Show movement with "ghost" atoms

by Andrew Peterson

Displaying the pathway of a trajectory, such as a minimum energy path, on the page can be difficult. One solution is to use what I'll call "ghost atoms" -- that is, transparent atoms along the reaction pathway. It won't work for very complicated motions, but often looks nice for simple motions.

I'll show an example of how to accomplish this for a simple example of the diffusion of a Au atom across a surface, similar to the NEB example on the ASE website. The trajetory file we'll use is located here.

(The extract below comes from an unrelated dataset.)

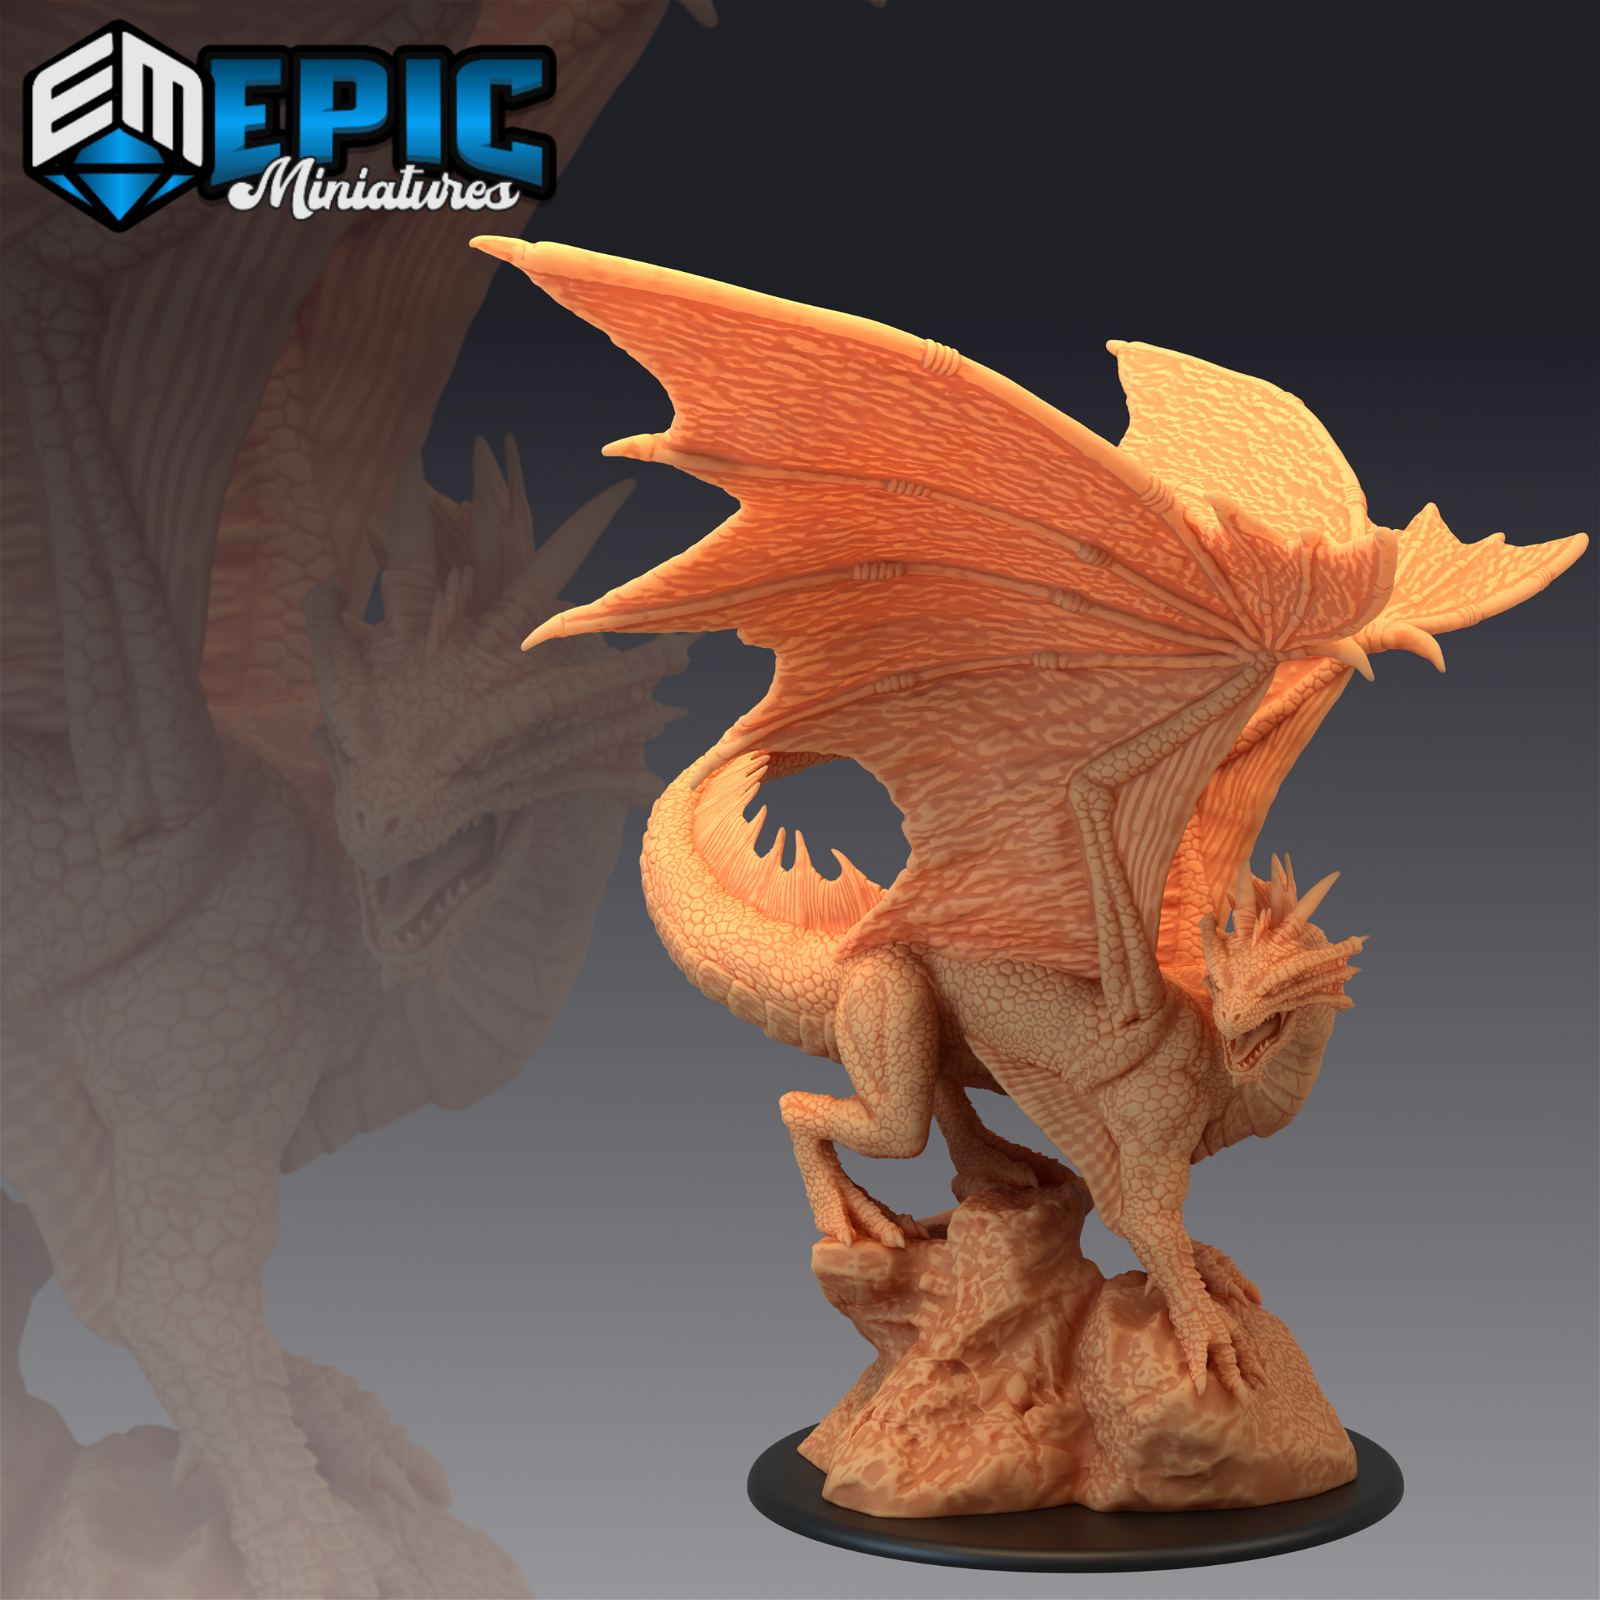 Bronze Dragon - The Printable Dragon

We use our own POV module from our pgroup repository, similar to in other tutorials, which gives a bit better control than the one built in to ASE.

Situate the image

It's easiest to set up the camera, etc., while dealing with a single image, which is accomplished in the script below.

from ase import io
from ase.all import view
from pgroup.ase.io import POV

traj = io.Trajectory('Au-diffusion.traj')

fixed = -1
atoms = traj[fixed].repeat((3, 3, 1))
view(atoms)

# 'lookat' is where the camera focuses. This was chosen by
# viewing the atoms in ase-gui and choosing a central point.
lookat = (atoms[89].position + atoms[92].position) / 2.
cameralocation = lookat + (0., -6., 12.)

pov = POV(atoms,
          pixelwidth=0.5*640,
          radii=1.0,
          look_at=lookat,
          cameralocation=cameralocation,
         )
pov.write('test.png')

Resulting in the figure test.png:

test.png

Create the image with ghost atoms

Next, we use write the pov file, but don't run povray; then we just use our script to add some lines to the povray file and raytrace.

from ase import io
from ase.all import view
from pgroup.ase.io import POV

traj = io.Trajectory('Au-diffusion.traj')
fixed = len(traj) - 1  # the image to show as solid
movingatoms = [94,]  # list of moving atoms we want to capture
repeat = (3, 3, 1)  # periodic extension

atoms = traj[fixed].repeat(repeat)
lookat = (atoms[89].position + atoms[92].position) / 2.
cameralocation = lookat + (0., -7., 12.)

pov = POV(atoms,
          pixelwidth=2.0*640,
          radii=1.0,
          look_at=lookat,
          cameralocation=cameralocation,
         )
pov.write('ghost.pov', run_povray=False)


def add_transparent_image(pov, atoms, movingatoms, transmit=0.7):
    """Adds the atoms to the pov file, but in a transparent manner.
    Only those atoms indexed in movingatoms are added. transmit is
    level of transparency."""
    for index in movingatoms:
        pos = atoms[index].position.copy()
        radius = pov._radii[index]
        color = pov._colors[index]
        line = ('sphere{<%.2f,%.2f,%.2f>, %.2f texture{pigment{rgb'
                ' <%.2f,%.2f,%.2f> transmit %.2f}}}'
                % (pos[0], pos[1], pos[2], radius,
                   color[0], color[1], color[2], transmit))
        with open(pov._filename, 'a') as f:
            f.write(line)

for count, atoms in enumerate(traj):
    print(count)
    if count == fixed:
        continue
    atoms = atoms.repeat(repeat)
    add_transparent_image(pov, atoms, movingatoms, transmit=0.7)

pov.raytrace()

ghost.png

Here is another example I made for a hypothetical proton transfer to an adsorbate:

proton-transfer.png